→ Exercise: Everything from the line containing "Autentica & Deposito" down to the last line below should be set down exactly, and only that, without the pictures.

→ Data:
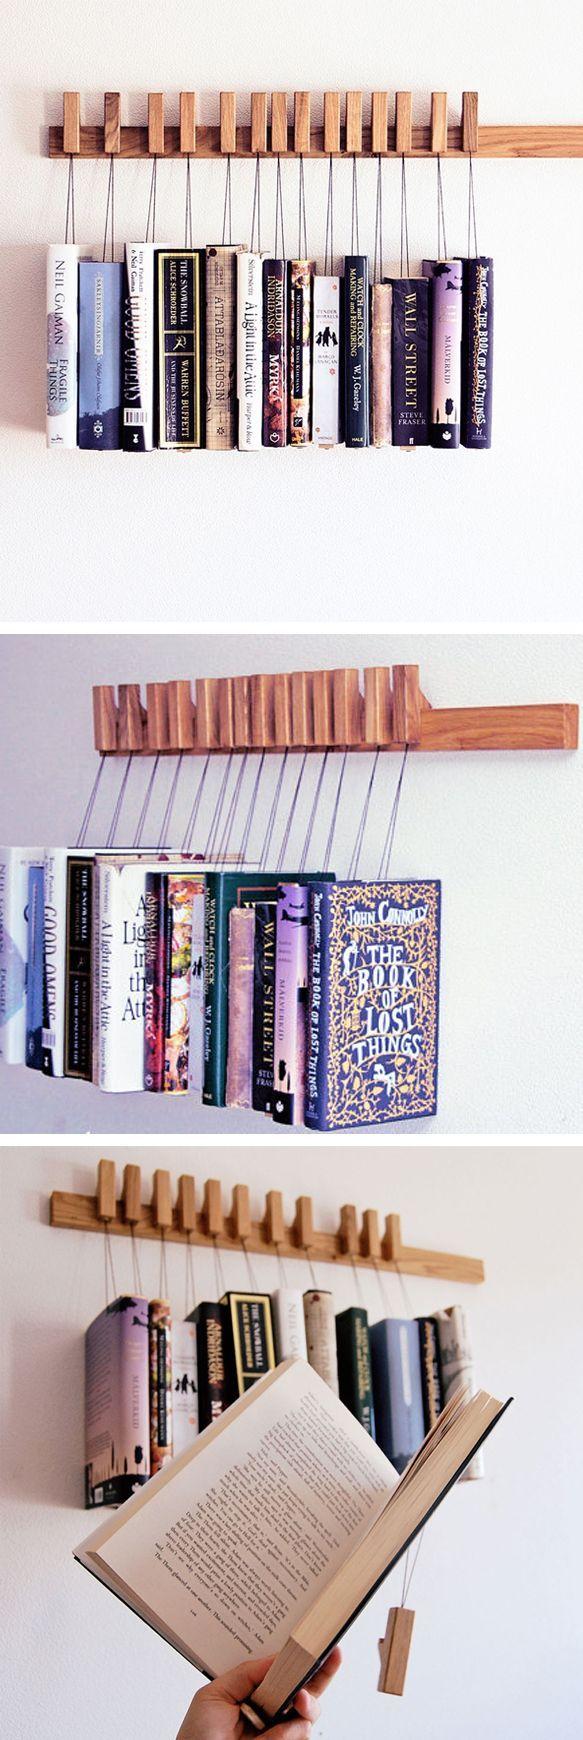 l 39 id e d co du samedi des livres suspendus floriane lemari woodworking artistry. Black Bedroom Furniture Sets. Home Design Ideas
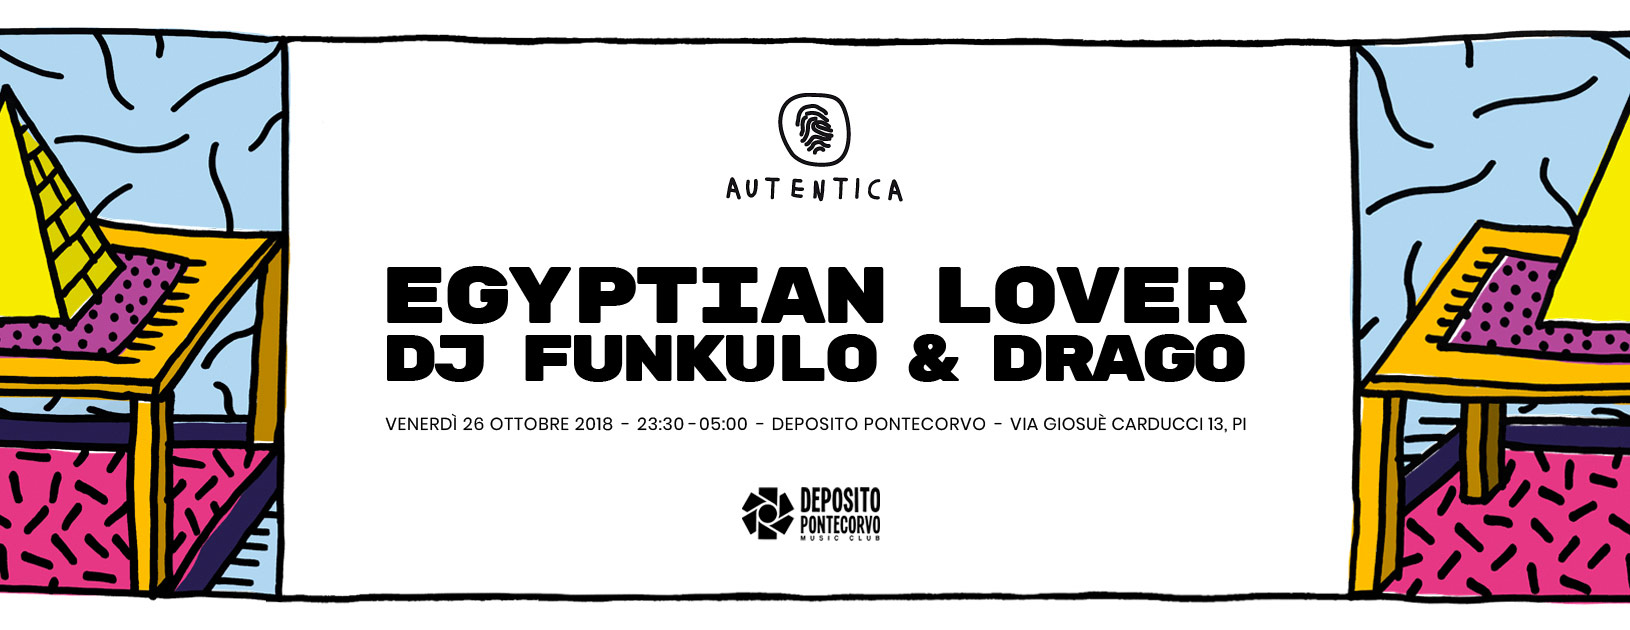 Autentica & Deposito Pontecorvo W/ Egyptian Lover
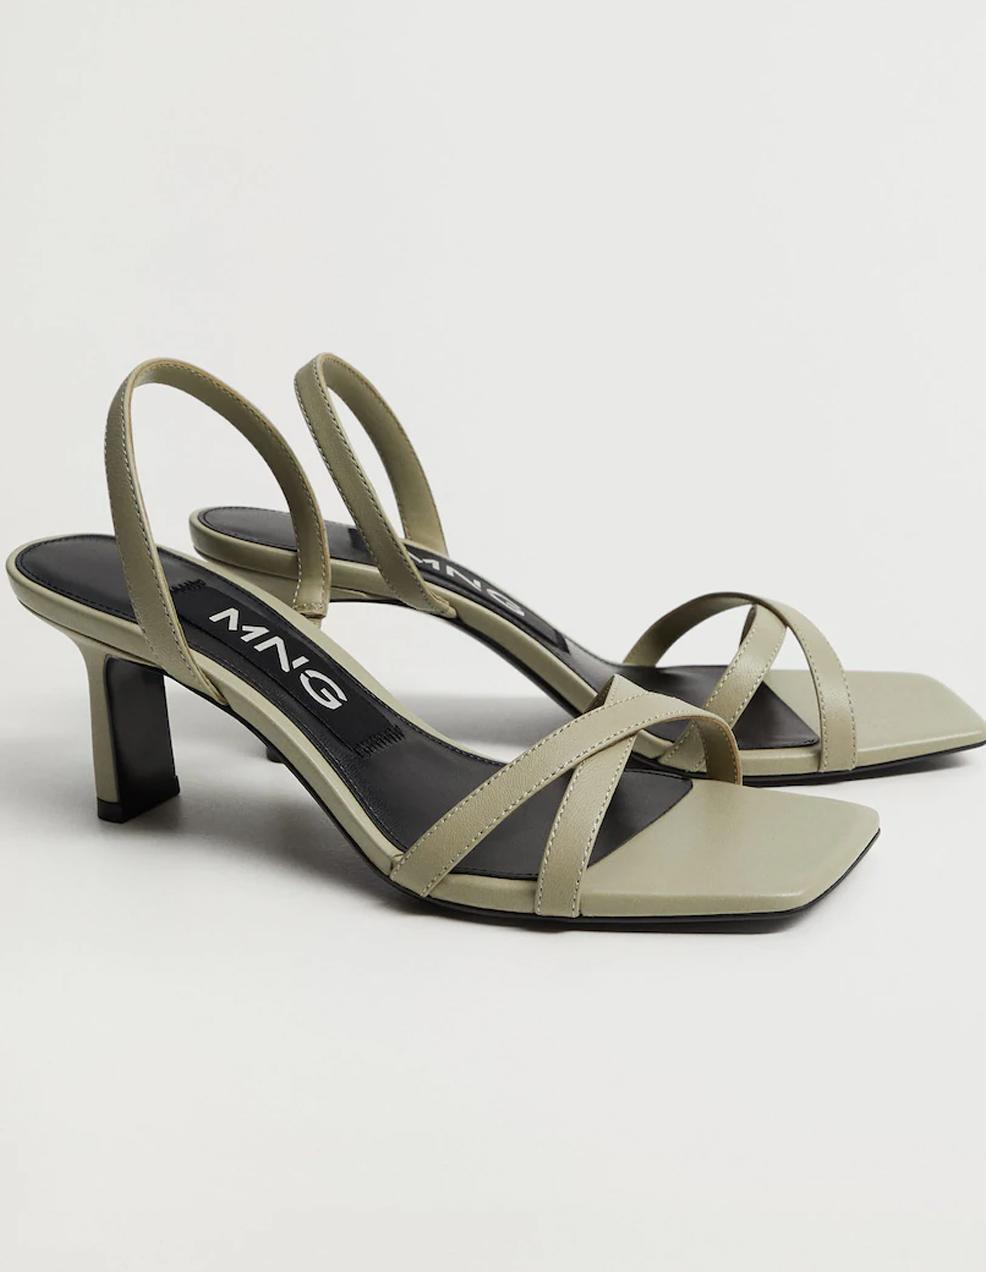 khaki heeled sandals

→ Solution for this exercise:
 Autentica & Deposito Pontecorvo W/ Egyptian Lover
 khaki heeled sandals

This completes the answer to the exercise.